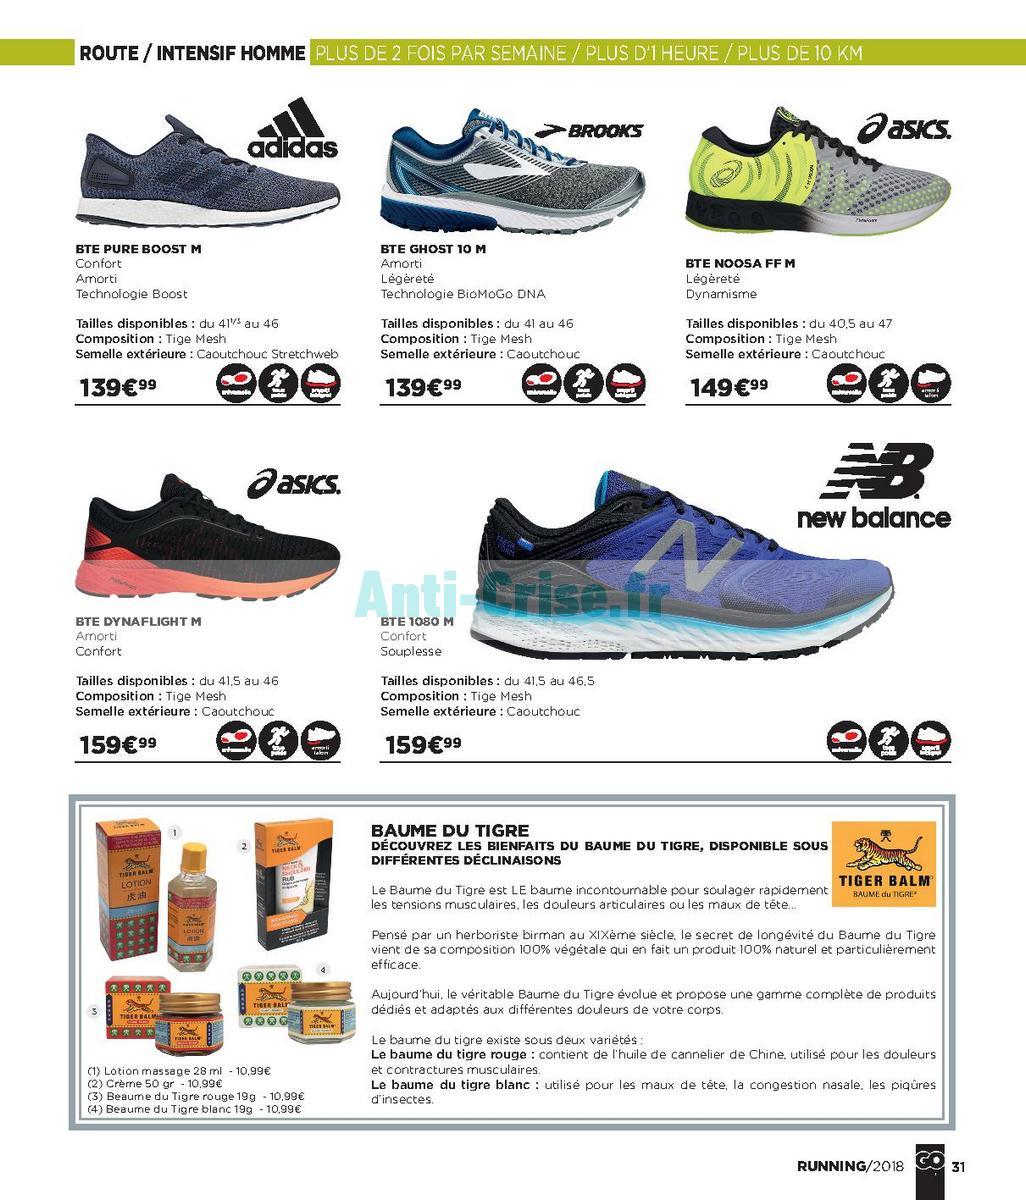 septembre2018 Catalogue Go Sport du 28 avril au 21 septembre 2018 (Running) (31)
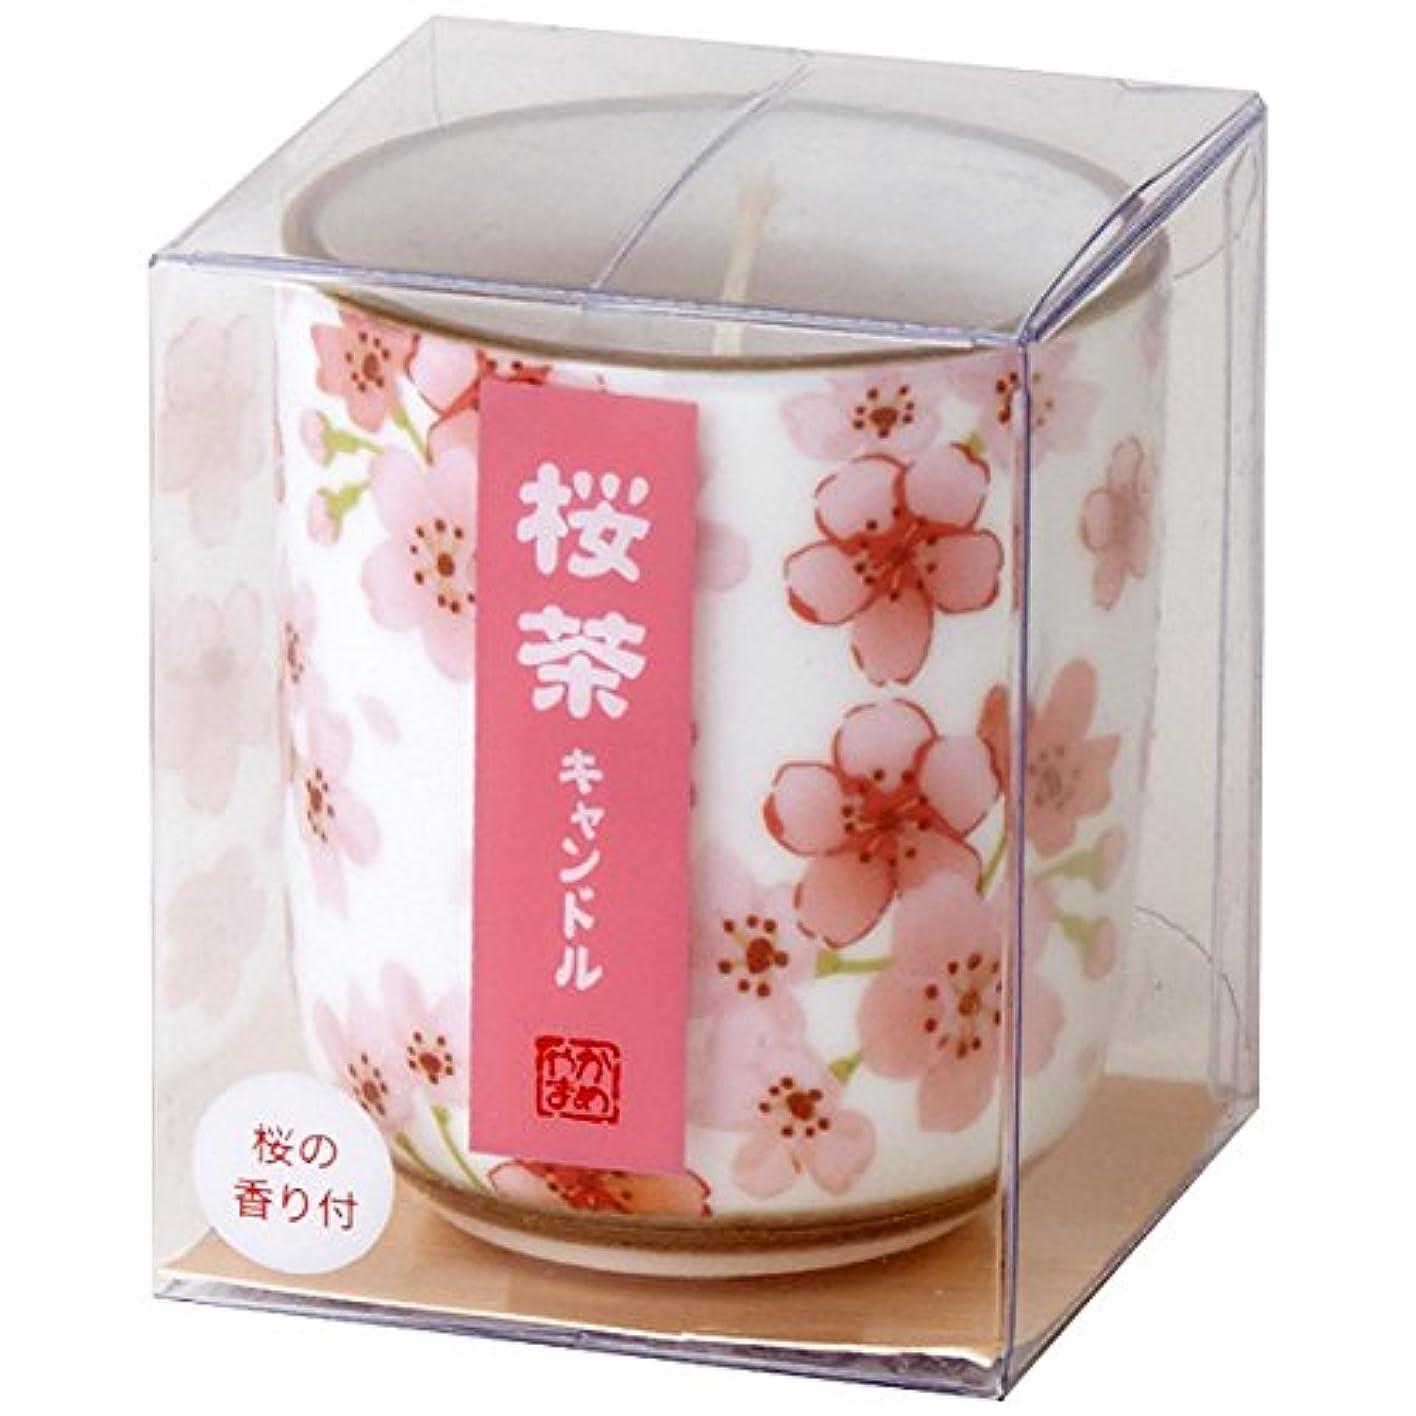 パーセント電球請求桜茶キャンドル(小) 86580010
=-=-=-=-=
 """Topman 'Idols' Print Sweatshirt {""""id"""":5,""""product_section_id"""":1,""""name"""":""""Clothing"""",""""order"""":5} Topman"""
=-=-=-=-=
▸ **WHAT IS BEING ASKED**:
Reproduce the listing above exactly from the line containing "septembre2018 Catalogue Go" up to and including the line containing "パーセント電球請求桜茶キャンドル(小) 86580010", omitting any images and everything outside those lines.

▸ **WRITTEN RESPONSE**:
 septembre2018 Catalogue Go Sport du 28 avril au 21 septembre 2018 (Running) (31)
 パーセント電球請求桜茶キャンドル(小) 86580010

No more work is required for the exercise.